=== PROBLEM ===
Copy exactly, and only, the lines from the one with "Doncaster, South Yorkshire, UK." to the end of the listing; omit pictures.

=== GIVEN MATERIAL ===

___

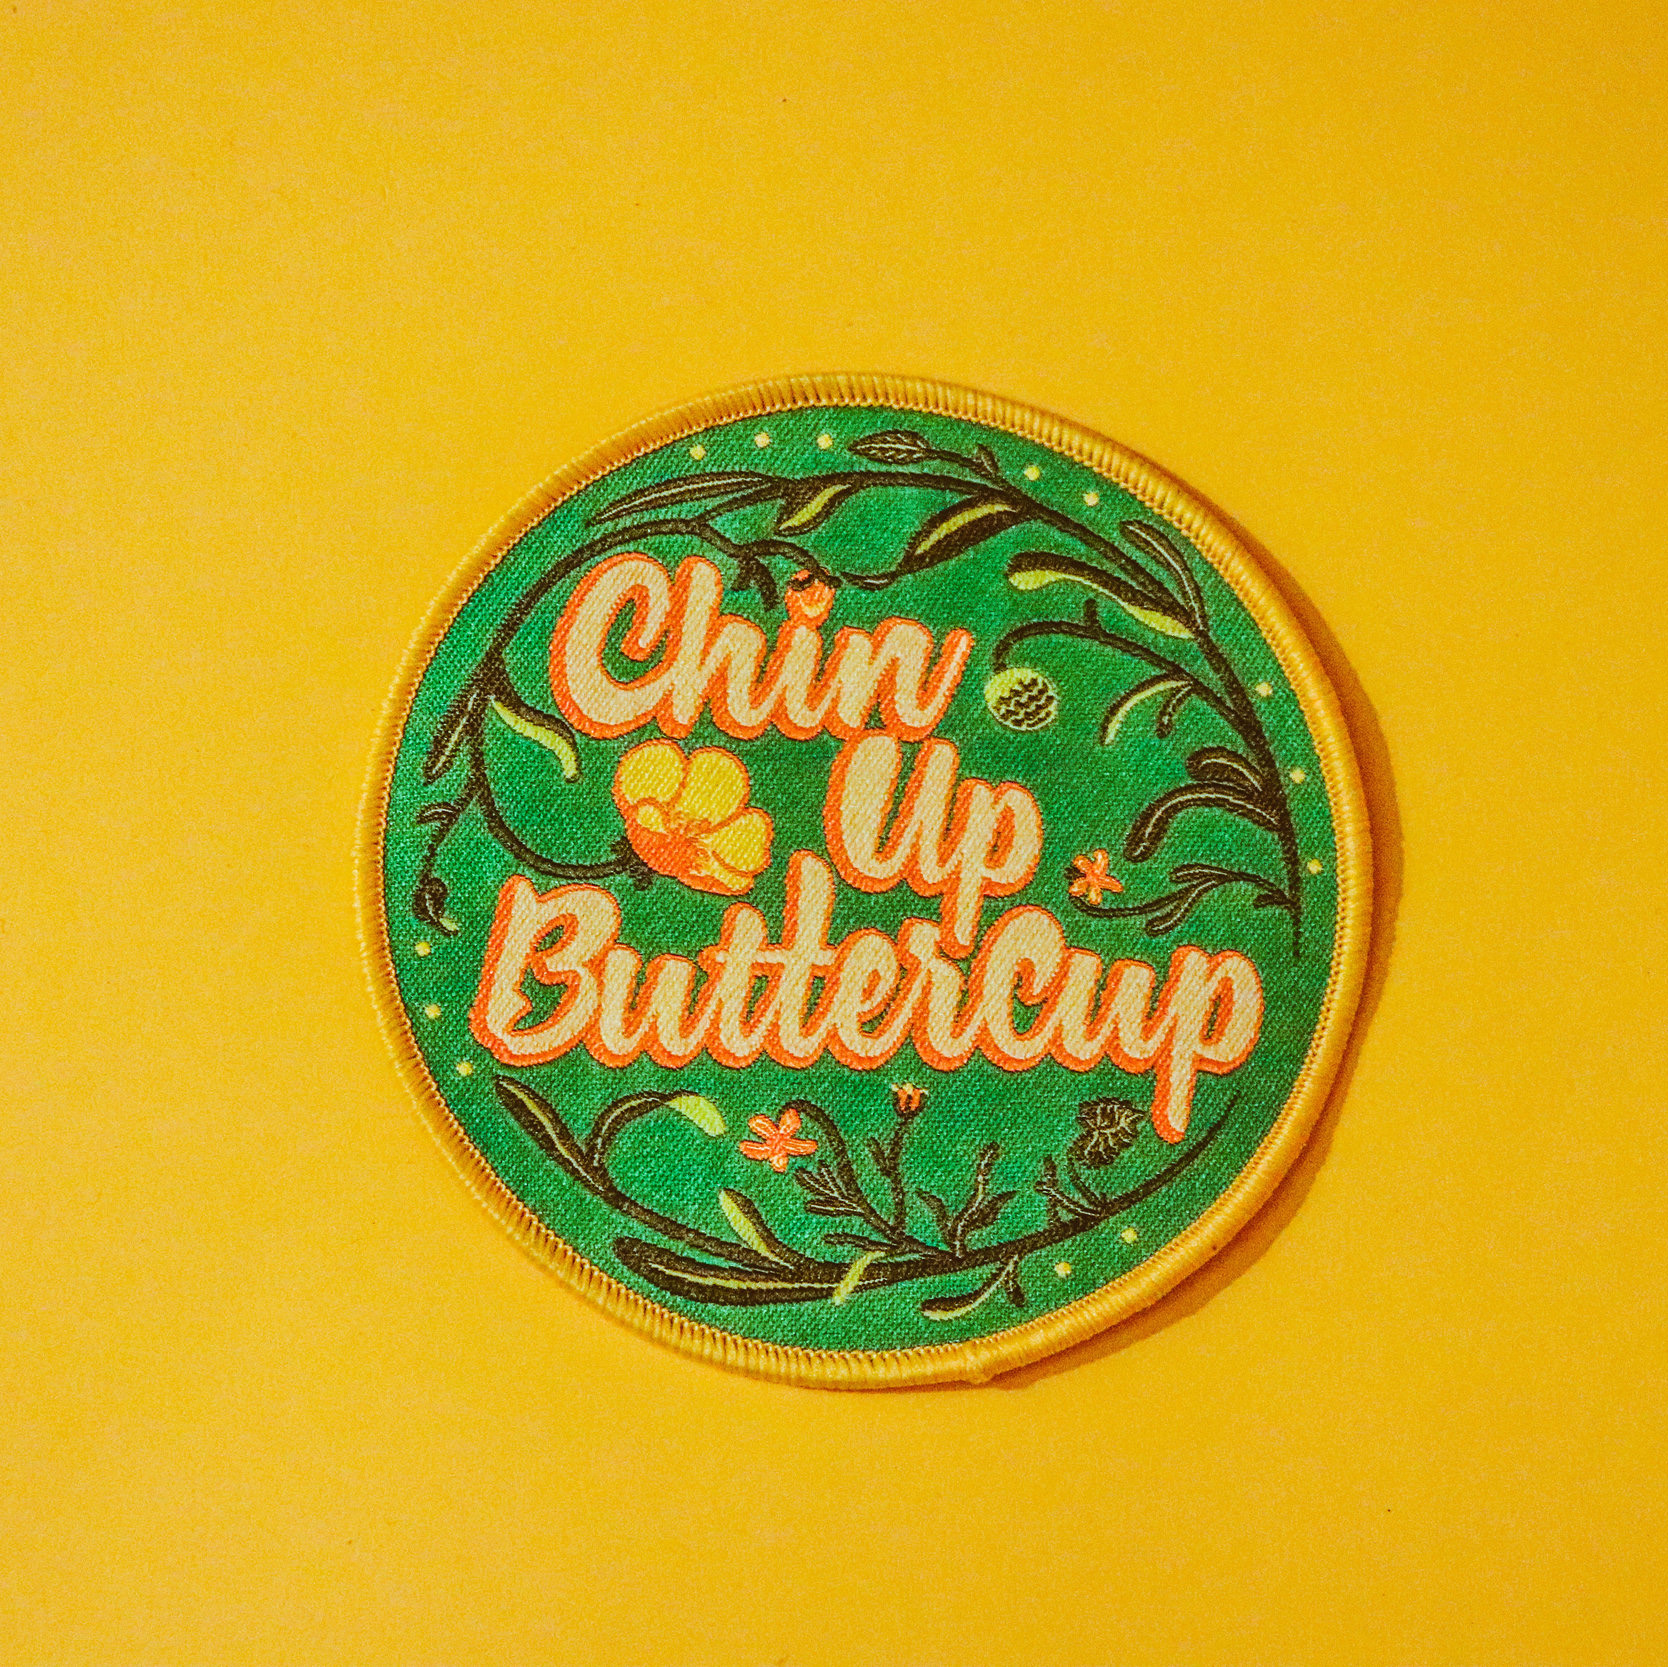 Chin Up Buttercup patch
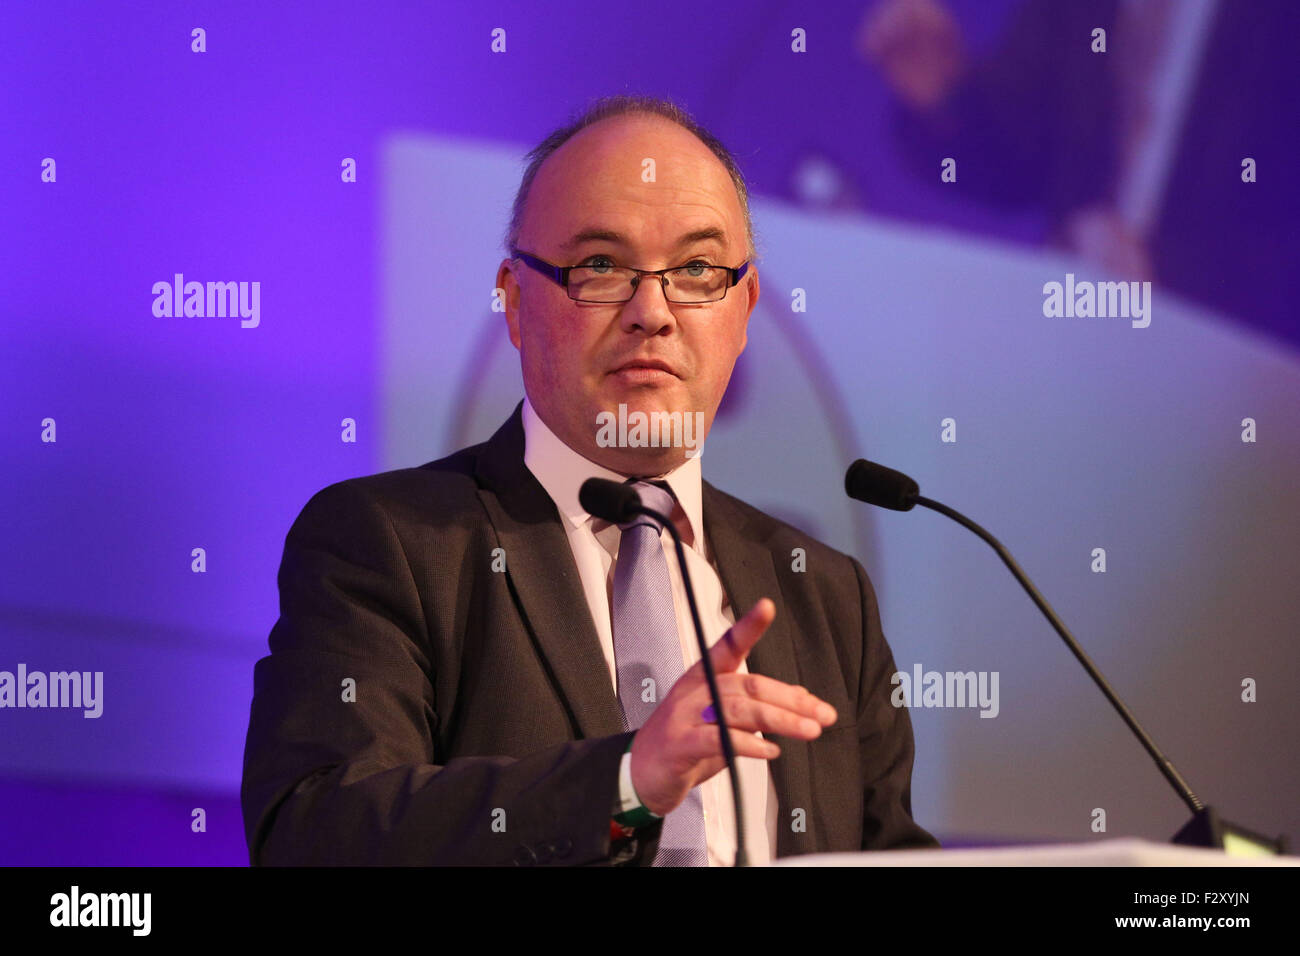 Doncaster, South Yorkshire, UK. 25th September, 2015. Andrew Allison, Head of Campaigns at the Freedom Association, speaks at the UKIP National Conference in Doncaster South Yorkshire, UK. 25th September 2015. The party's annual conference was the stage for the unveiling of a new campaign force called 'Leave EU'. Consisting of pressure groups and think tanks with thousands of activists between them it will aim to end the UK’s ties with Brussels.  Ian Hinchliffe / /Alamy Live News Stock Photo
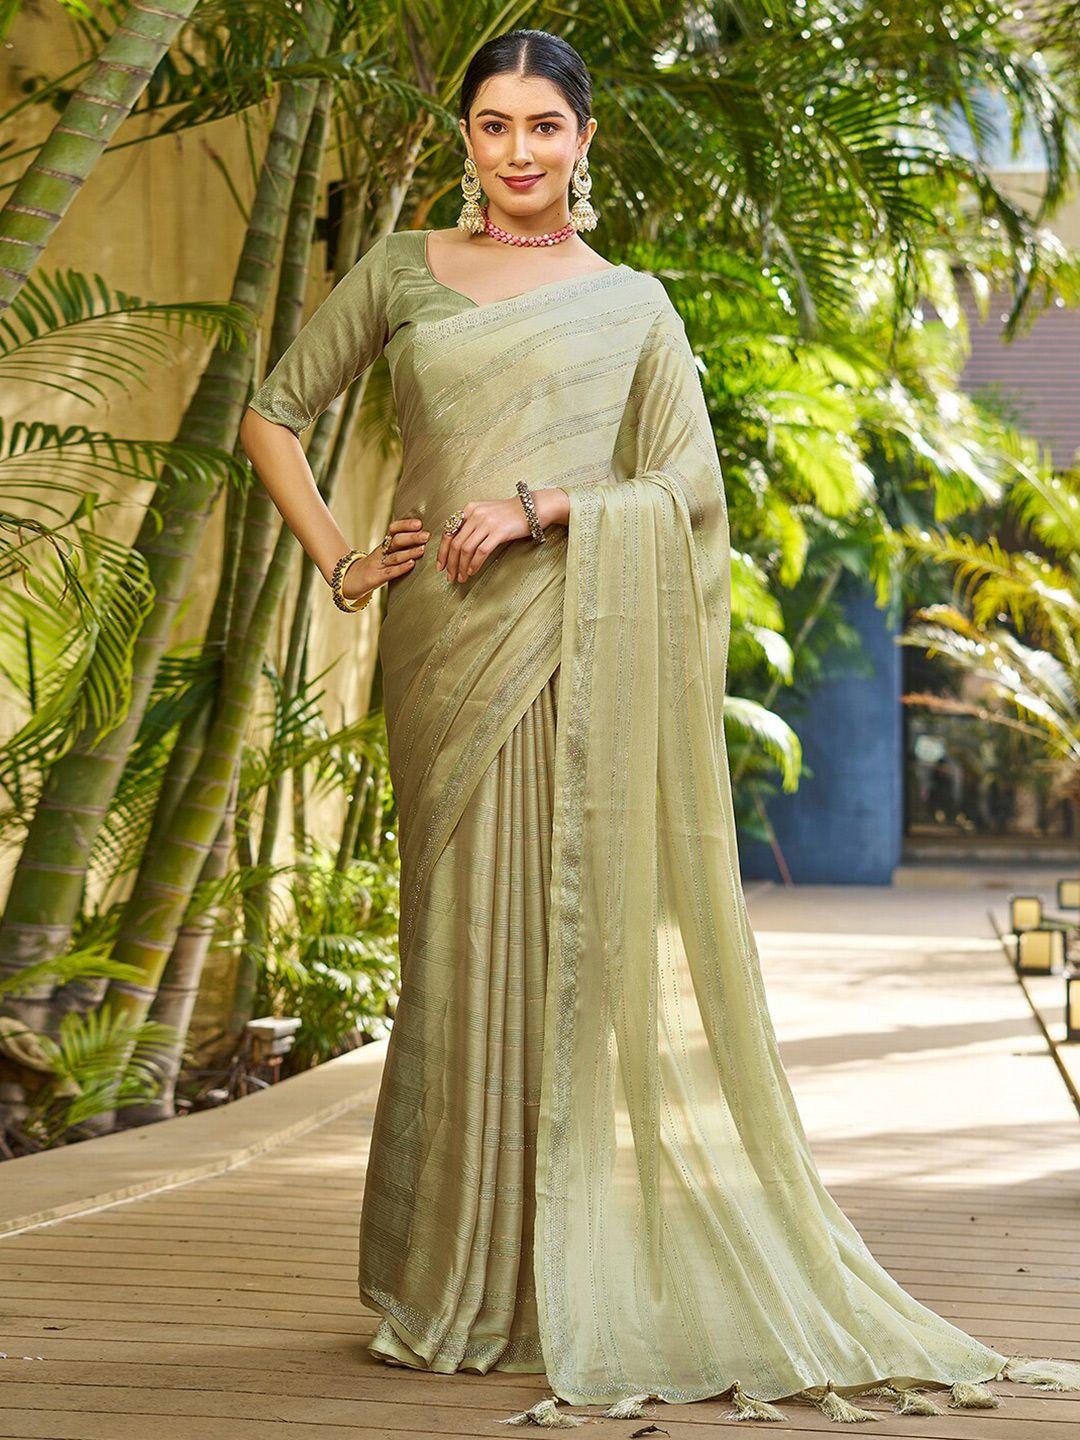 mitera beige striped beads and stones embellished saree
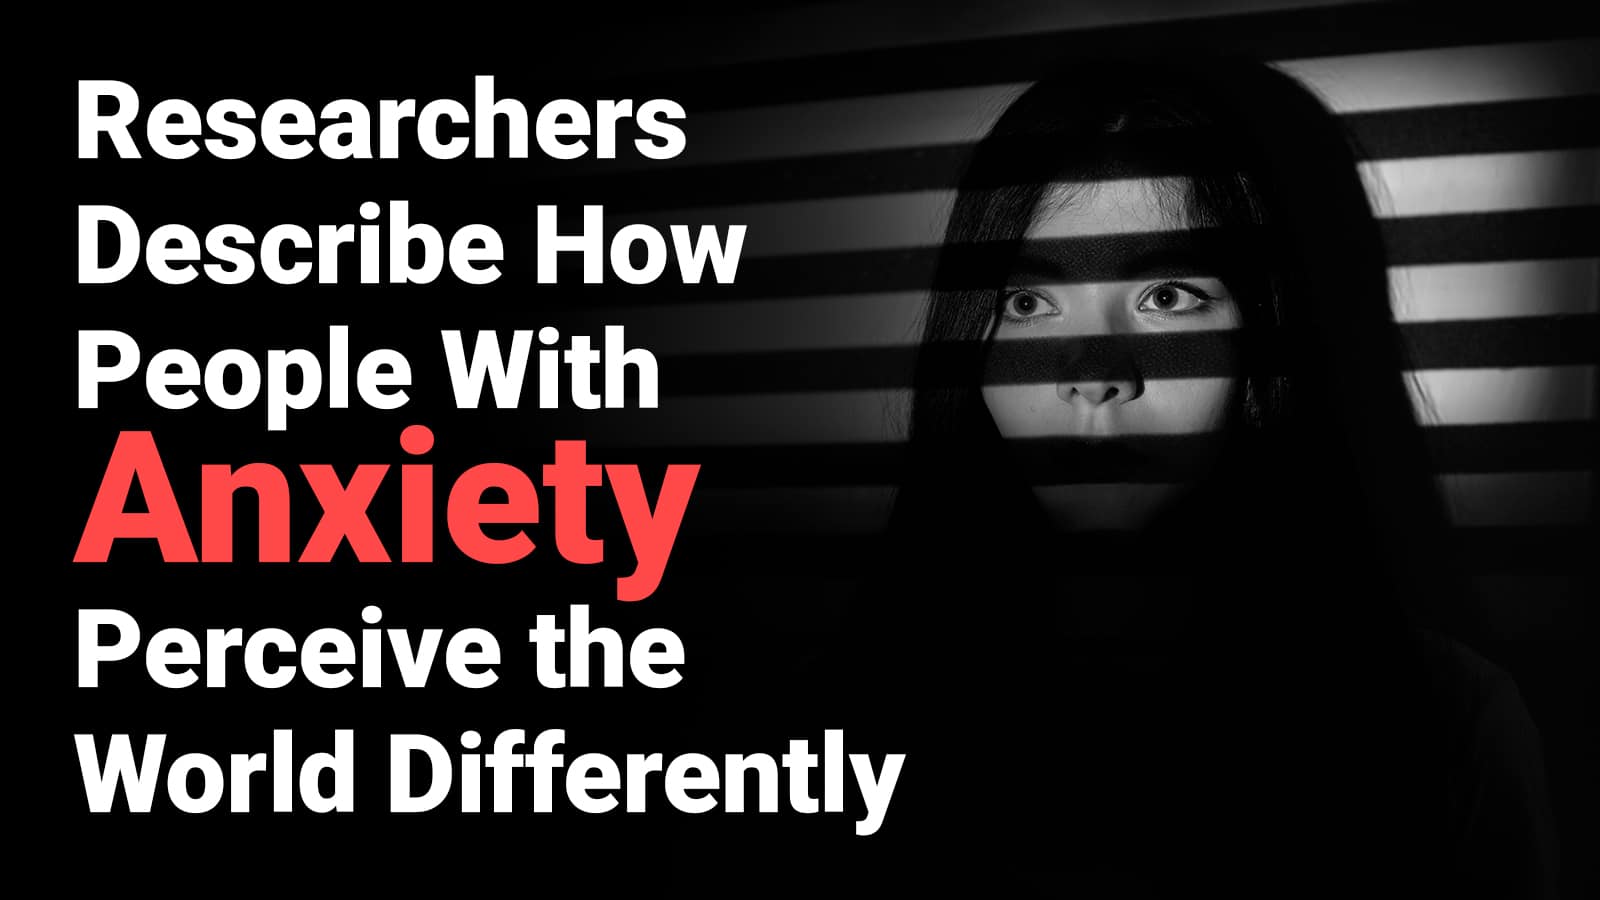 Researchers Describe How People With Anxiety Perceive the World Differently

___

=== RESPONSE ===
 Doncaster, South Yorkshire, UK. 25th September, 2015. Andrew Allison, Head of Campaigns at the Freedom Association, speaks at the UKIP National Conference in Doncaster South Yorkshire, UK. 25th September 2015. The party's annual conference was the stage for the unveiling of a new campaign force called 'Leave EU'. Consisting of pressure groups and think tanks with thousands of activists between them it will aim to end the UK’s ties with Brussels.  Ian Hinchliffe / /Alamy Live News Stock Photo
 mitera beige striped beads and stones embellished saree
 Researchers Describe How People With Anxiety Perceive the World Differently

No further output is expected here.